When we got him, he was very raw. He had those tools. After his first 100 at-bats, our hitting coach made one adjustment with him after he was hitting about .175 with 100 at-bats. His next 100 have been outstanding with quite a few doubles. I think he got his average up to .280 or .285 after today's game. I said that he hit his eighth home run. He's just playing some really good baseball.

Cole: How rare is it to have a guy that young, especially in the DSL, that already has developed that much home run power?

Tingler: It's very rare. Some of the leaders on that home run list, they are 19- and 20-year-old kids. I love the fact that a 17-year-old has shown the ability to just be able to put the ball in play. He is drawing walks. He had a lot of strikeouts early. But one thing that is good to see out of a 17-year-old kid is after that 100 at-bats, he made his adjustment. It's tough to find a 17-year-old that will be able to do that. His at-bats are so much more competitive and it's exciting having him at the plate. Something big is usually going to happen once a game, whether it's a rocket at somebody, over the fence, a double, or whatever.

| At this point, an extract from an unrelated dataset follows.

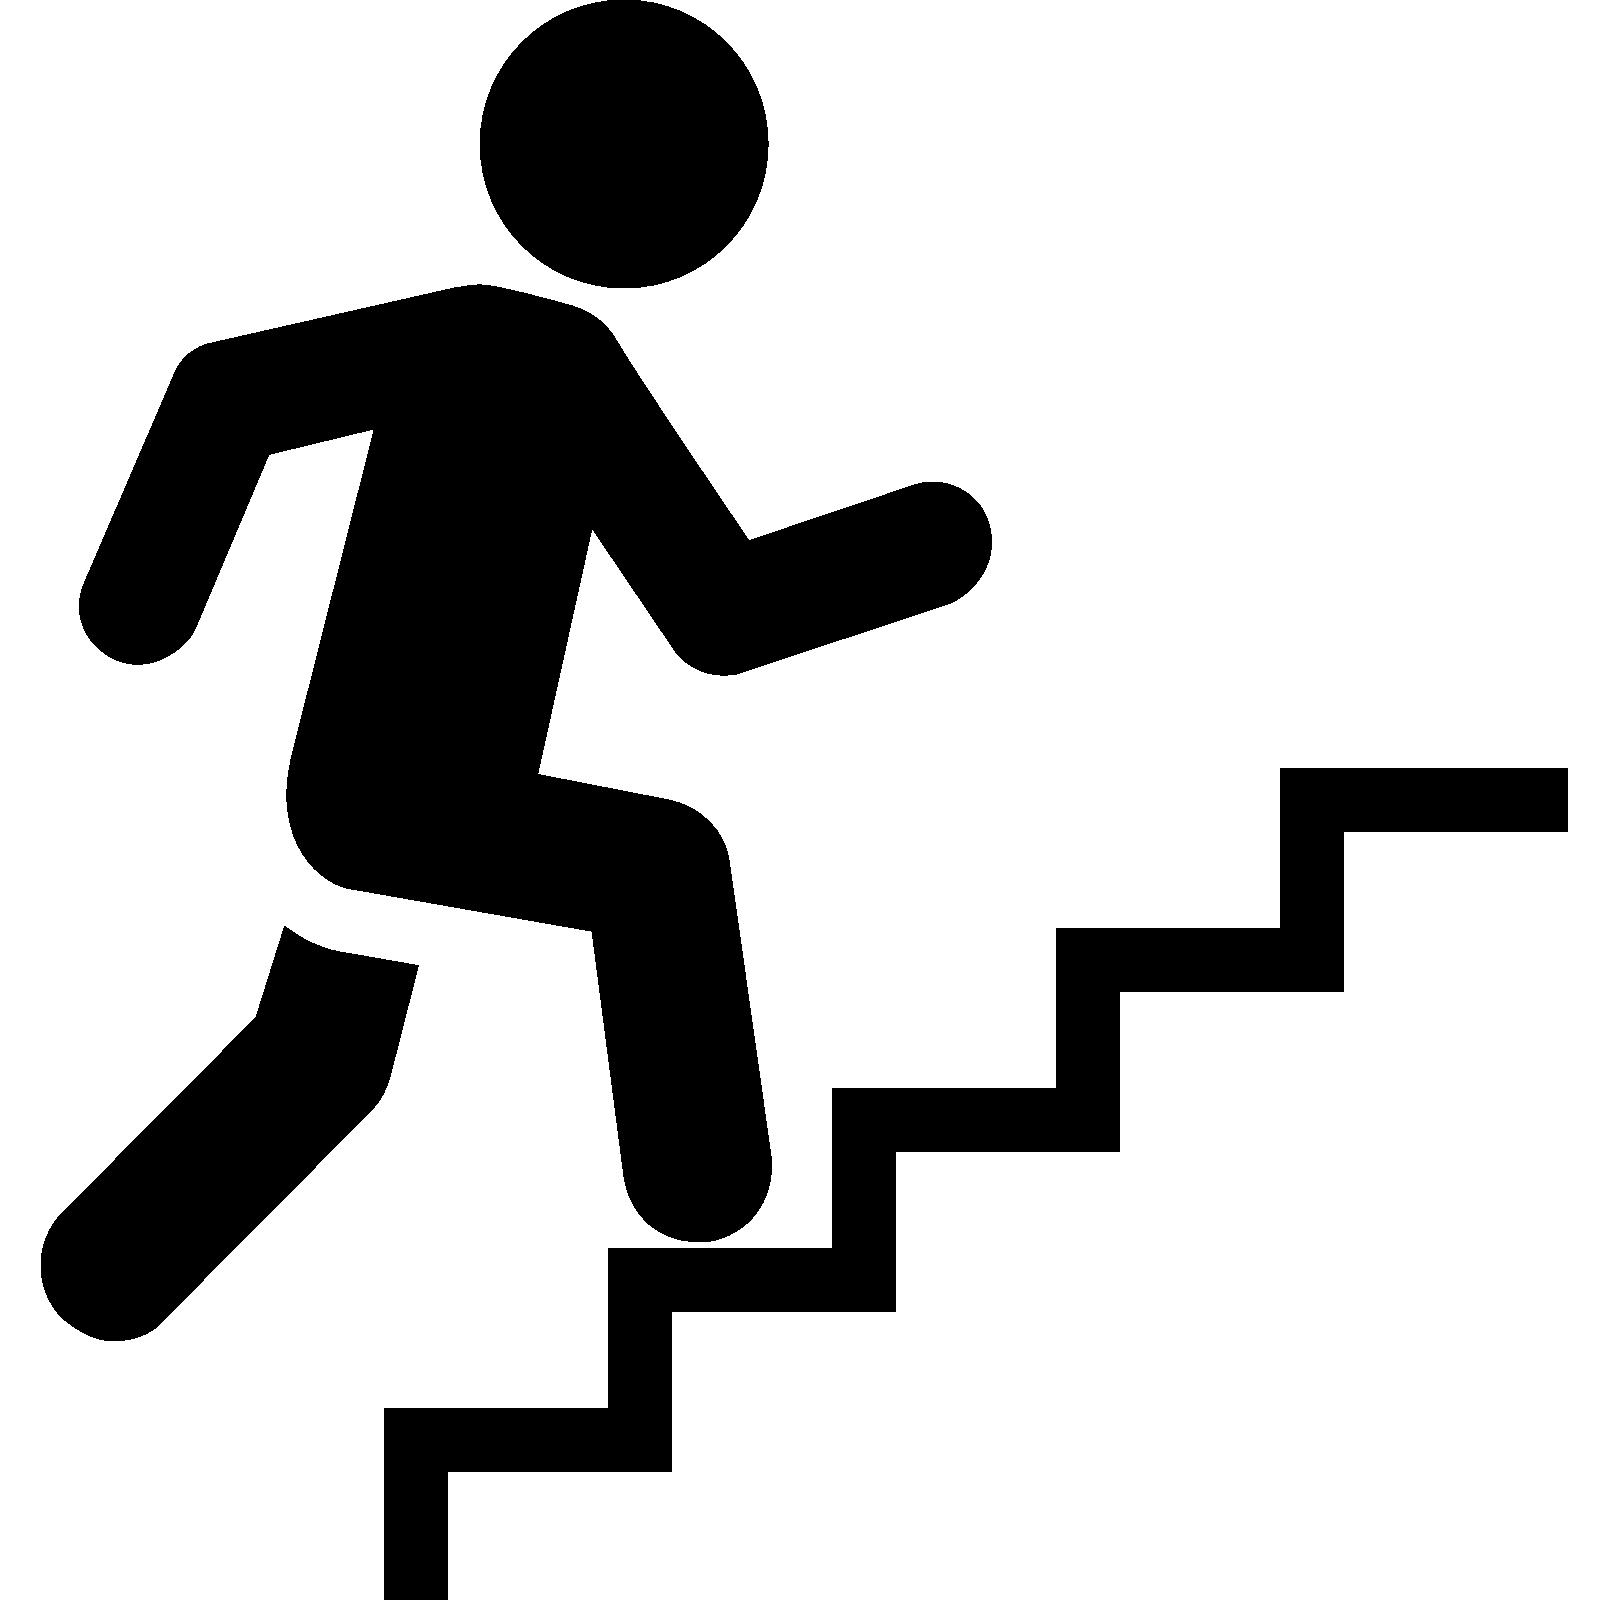 Stair Clipart.

He's one of our most exciting players.

Cole: Is there a chance that he could get a trip to U.S. instructs this year?

Tingler: I would think there would be a good opportunity for him after what he's shown he can do. I would think that would be a guy that Scott and A.J. would really be pushing for over there.

Cole: Ezequiel Rijo is another guy. He's 17-years-old and has great numbers this season. Can you talk about him as a pitcher?

Tingler: We signed him as a young 6-foot-3 or 6-foot-4, 178-pound guy. We put him on the long toss program here, put him in the weight room, and he's up to 197 now. He has got that V shape in the shoulders. Just a big kid.

He's just a strike-thrower, that's what he is. He throws three pitches – a fastball at 88-92, he has touched 93 or 94 one or two times. But he mixes three pitches well, which is nice to see a young pitcher be able to command a changeup and be able to throw a curveball for a strike. He does a great job of keeping batters off-balance.

Cole: Is there anybody we haven't discussed that you feel really deserves to be mentioned in an interview like this?

Tingler: I think our pitching staff. We have eight or nine guys that can really run the radar gun up. Anyenil Mendoza is another kid – he's an 18-year-old who has really come along nice. He may be our most talented pitcher out of all the young guys we have down here. He's 94-95 with a really good secondary curveball. He's working on his changeup right now. He is very explosive.

Guillermo Pimentel is an outfielder that played down here last year and took his lumps a little bit – learning. He has come along so much. I believe he's close to .300 and he's got a couple of home runs. He should have close to 20 stolen bases. The 20 stolen bases – he's not your typical base stealer. He's 6-foot-2, 200-pounds that has got some power.